Source material:
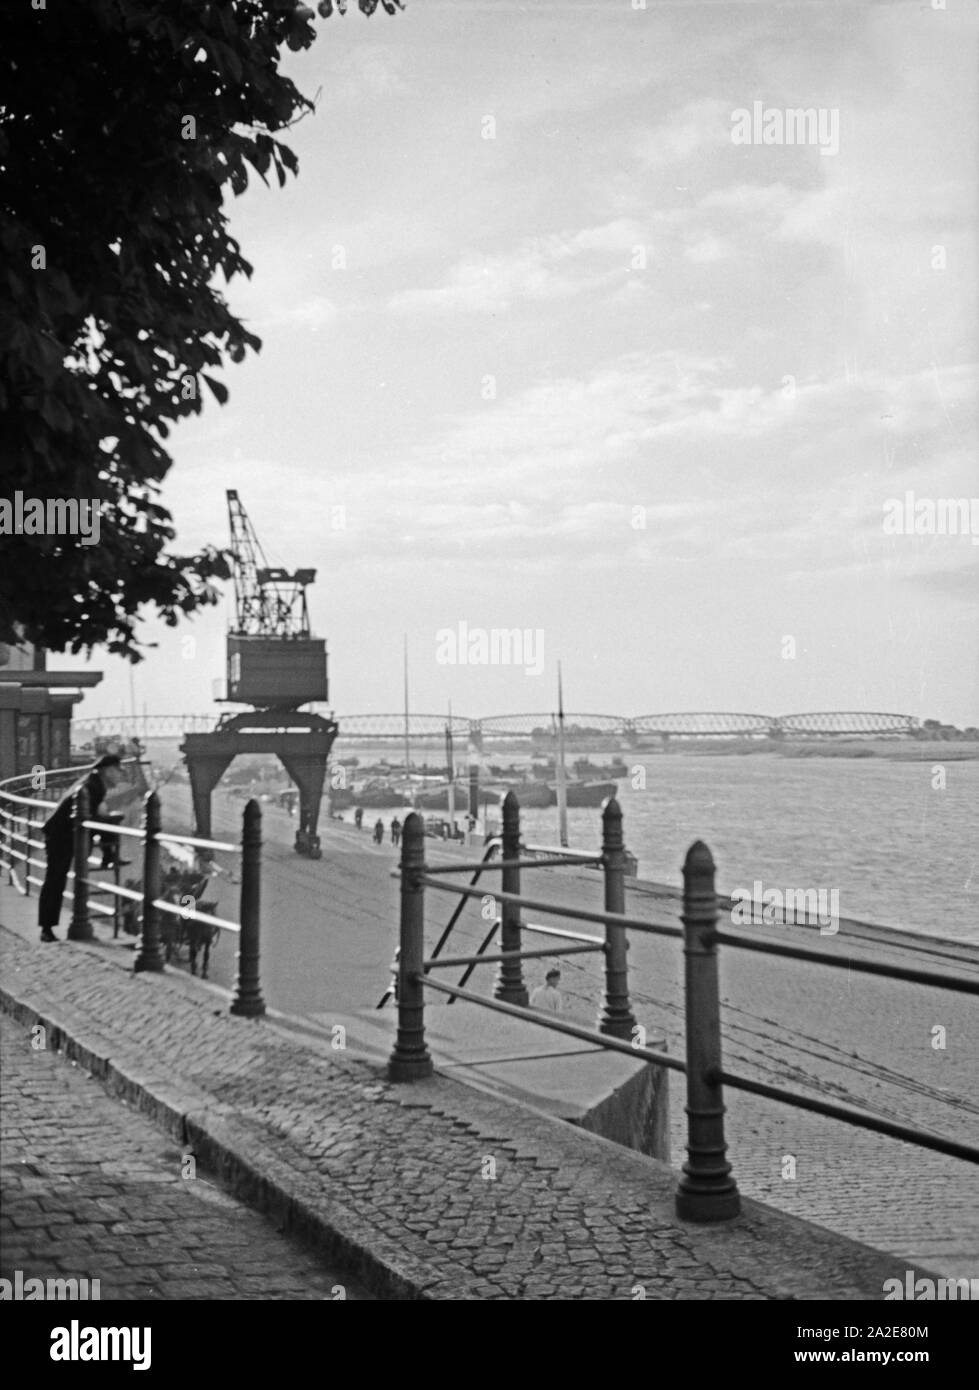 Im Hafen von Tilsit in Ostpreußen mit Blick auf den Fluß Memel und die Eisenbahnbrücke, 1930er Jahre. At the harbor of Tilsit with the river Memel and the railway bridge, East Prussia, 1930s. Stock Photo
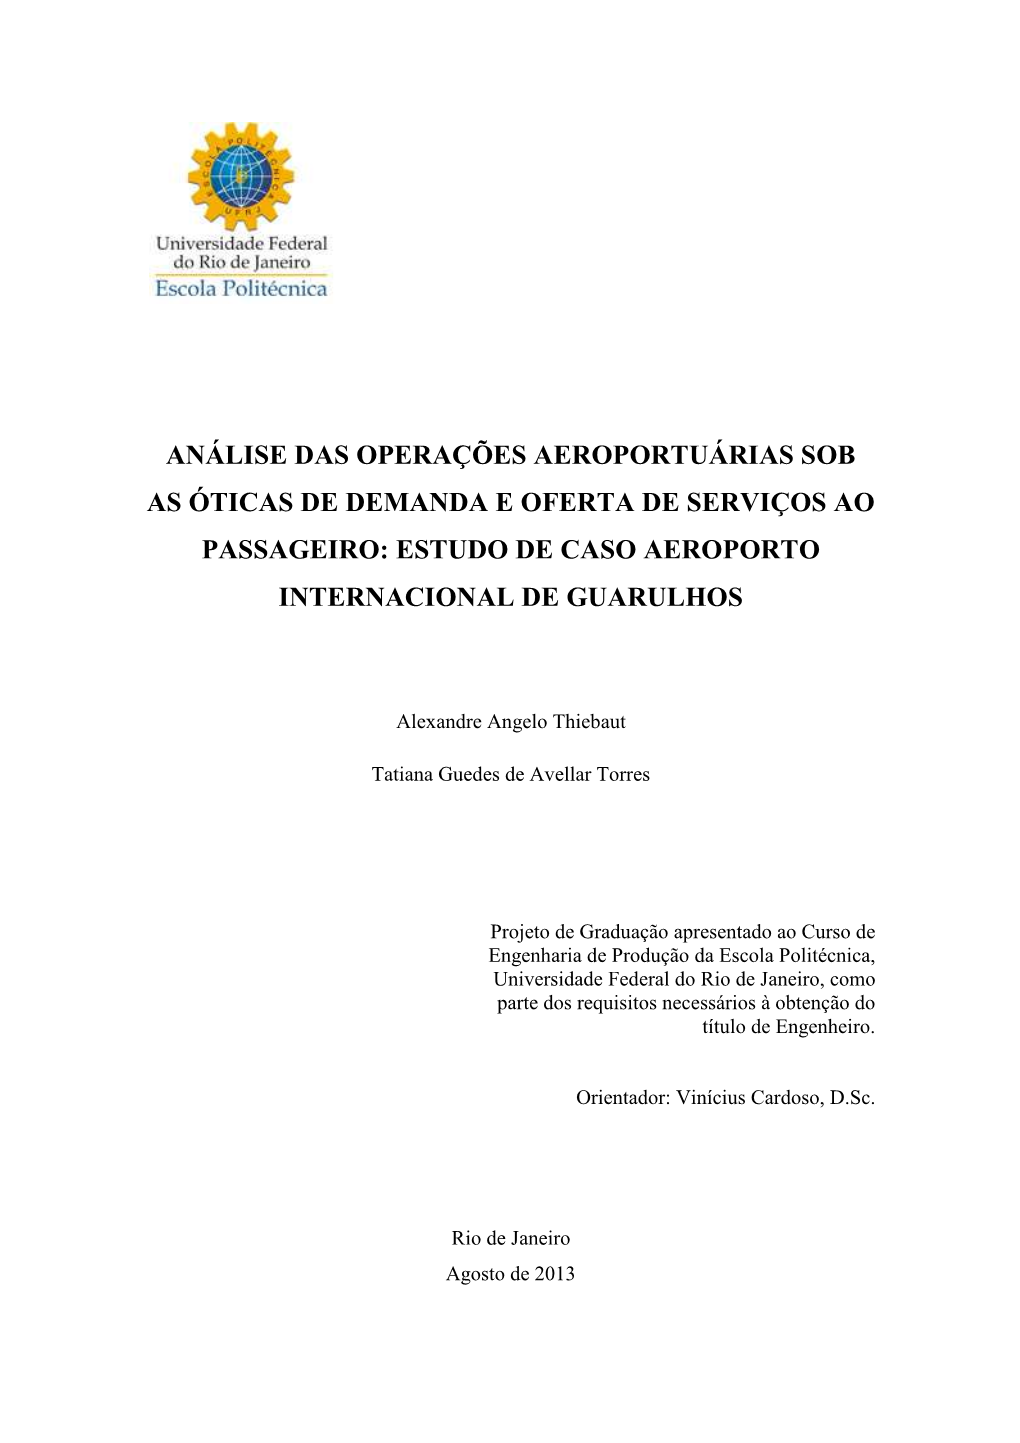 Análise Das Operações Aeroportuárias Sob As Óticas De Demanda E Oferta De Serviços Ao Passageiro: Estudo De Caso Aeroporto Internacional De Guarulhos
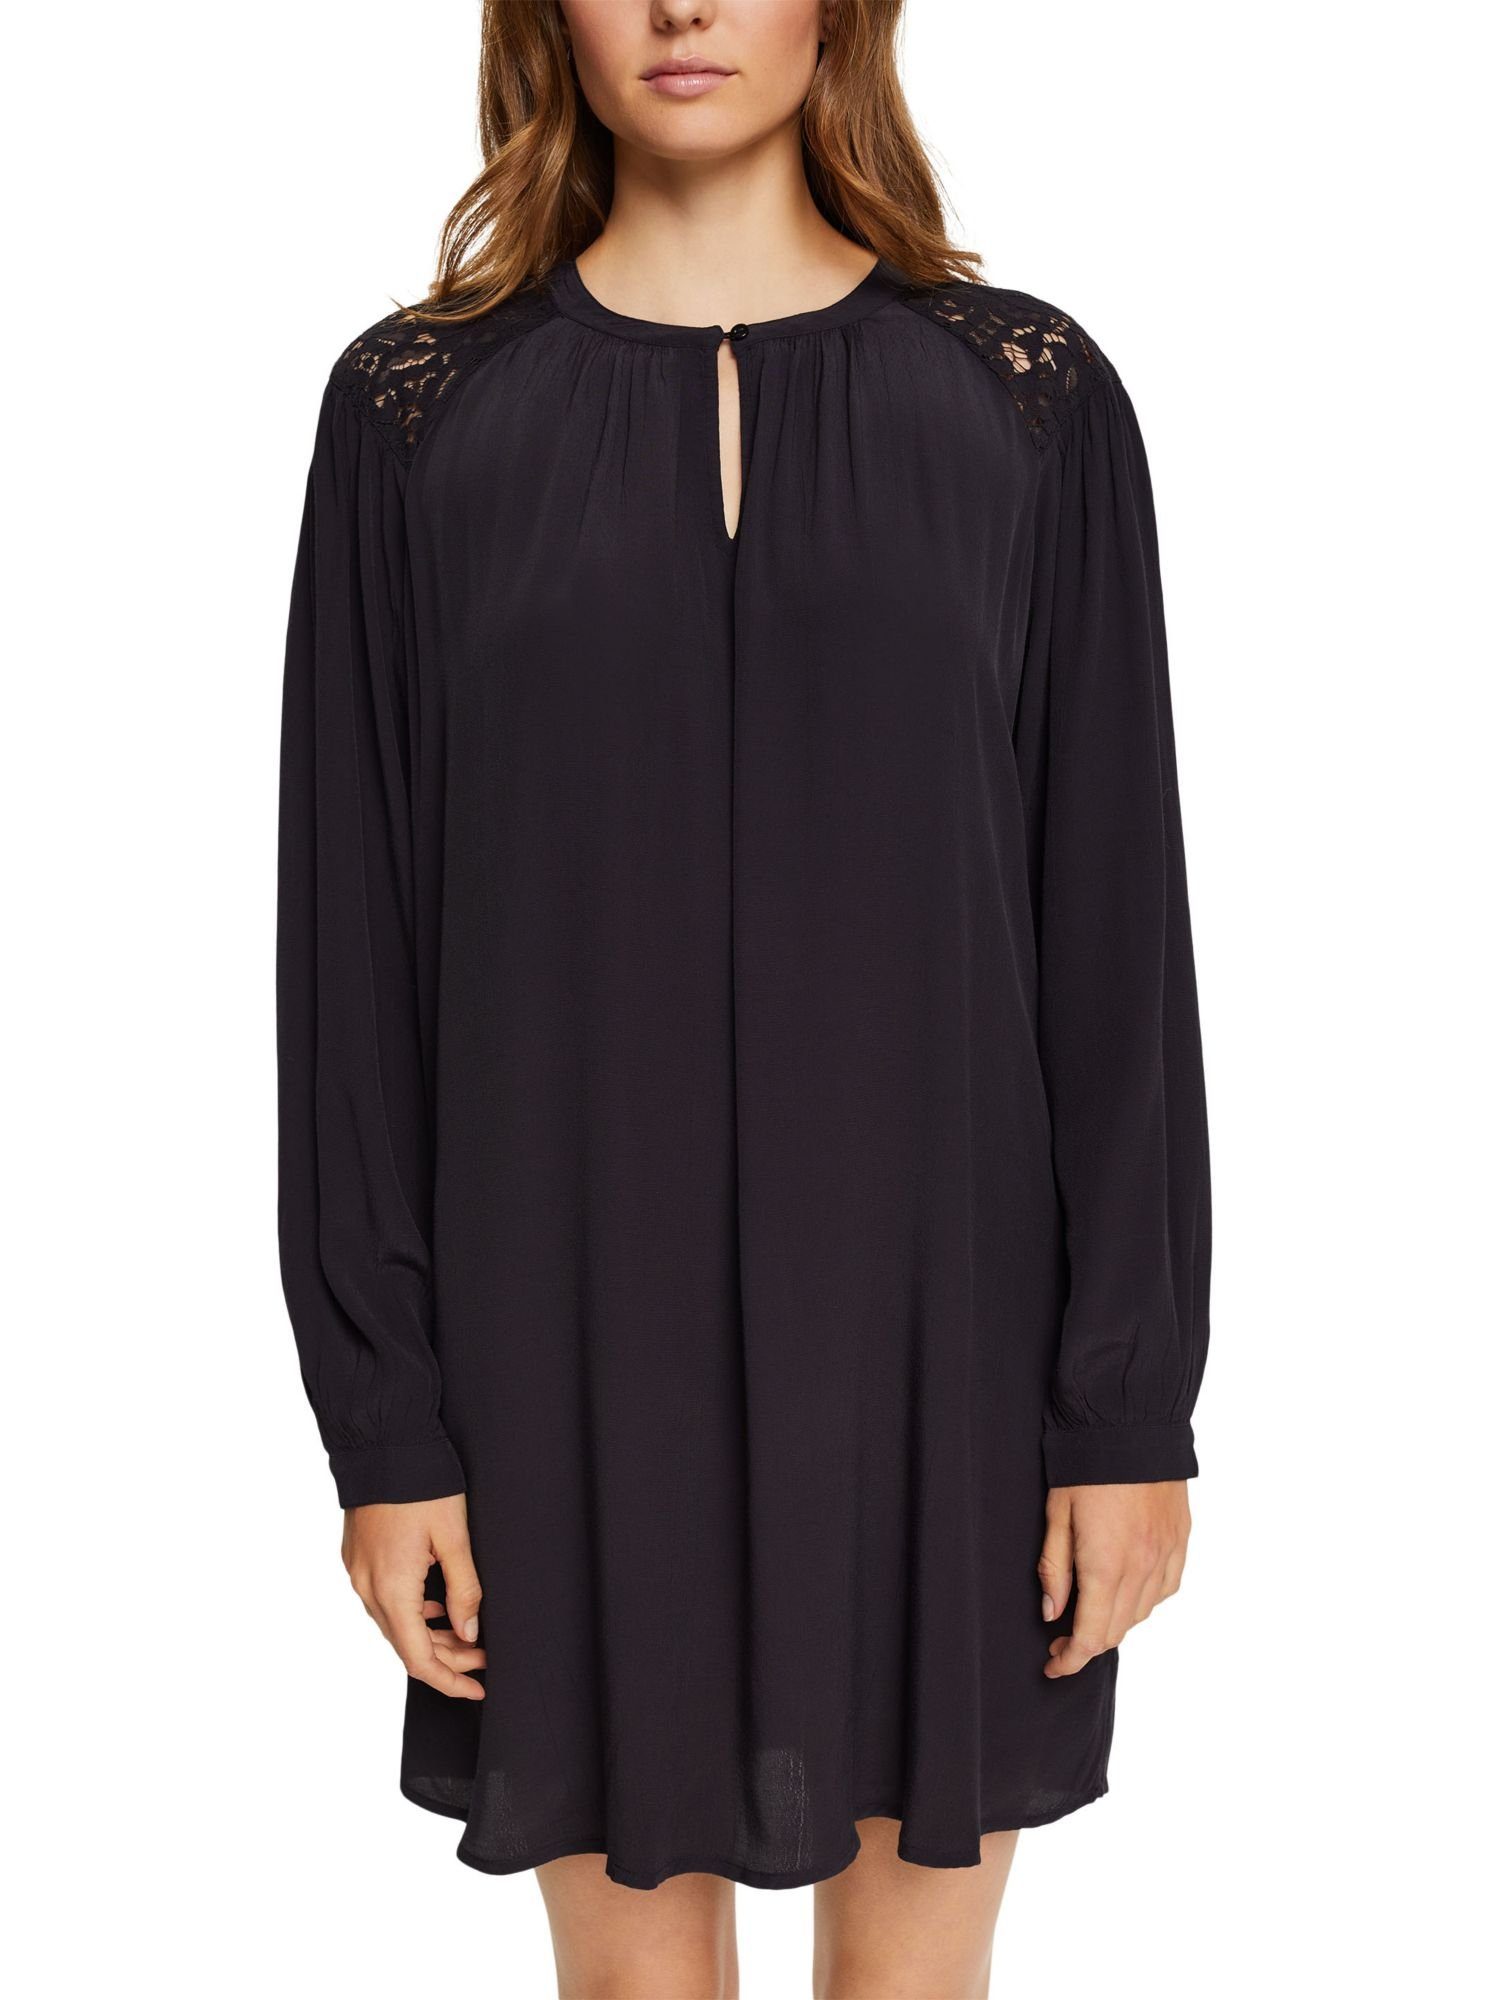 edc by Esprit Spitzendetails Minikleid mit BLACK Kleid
---
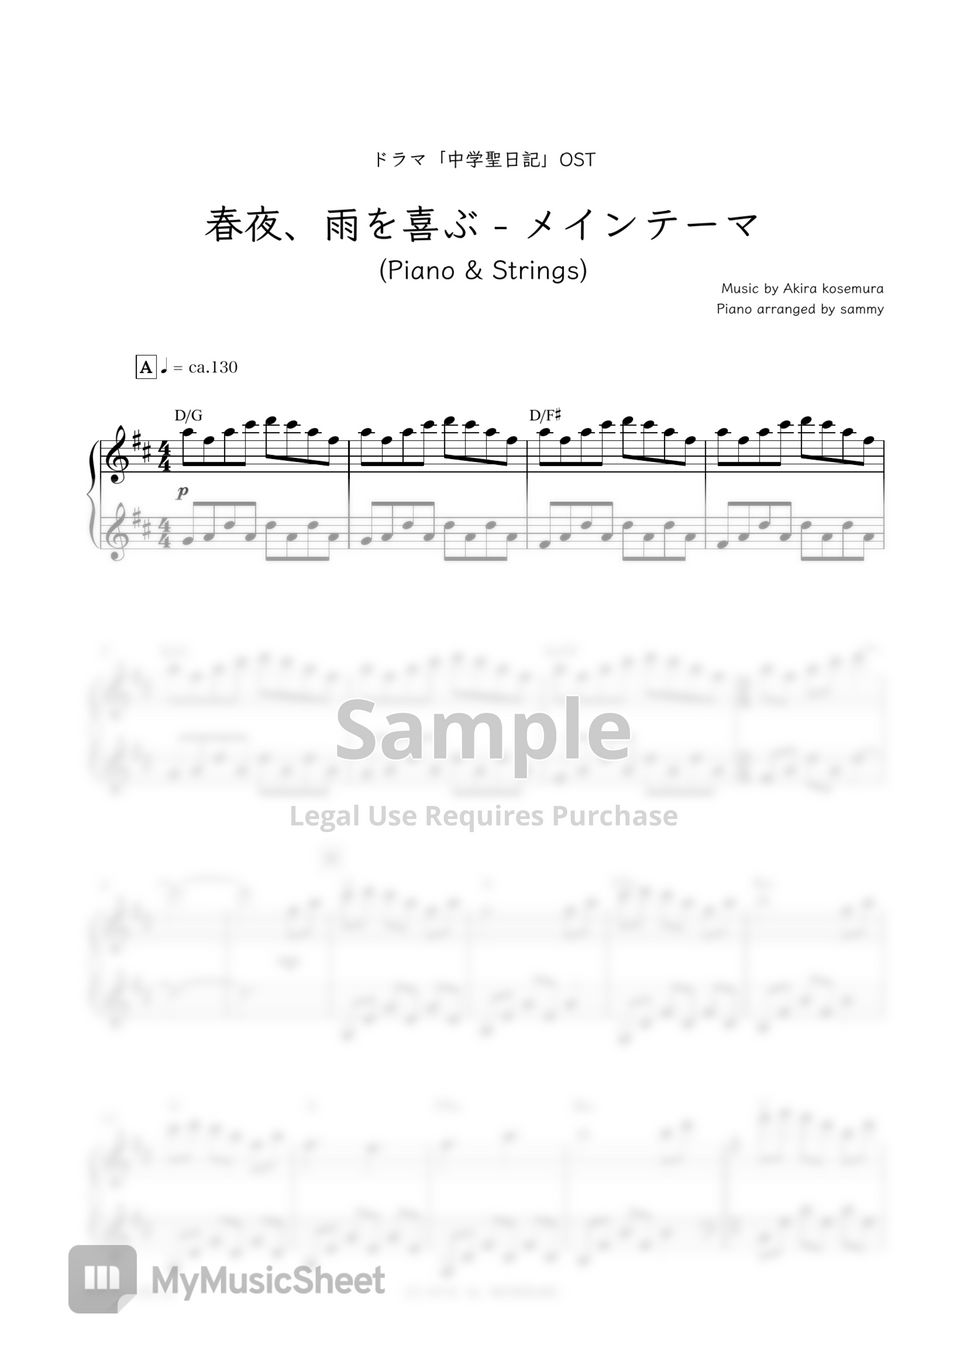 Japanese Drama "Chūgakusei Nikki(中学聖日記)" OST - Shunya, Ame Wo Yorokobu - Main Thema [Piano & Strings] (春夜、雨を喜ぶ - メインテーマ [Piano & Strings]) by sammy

Exercise aim: In the records above, copy exactly everything from the line that has "Im Hafen von" down to the line that has "Análise Das Operações", both ends included, and leave out the pictures.

Task response:
 Im Hafen von Tilsit in Ostpreußen mit Blick auf den Fluß Memel und die Eisenbahnbrücke, 1930er Jahre. At the harbor of Tilsit with the river Memel and the railway bridge, East Prussia, 1930s. Stock Photo
 Análise Das Operações Aeroportuárias Sob As Óticas De Demanda E Oferta De Serviços Ao Passageiro: Estudo De Caso Aeroporto Internacional De Guarulhos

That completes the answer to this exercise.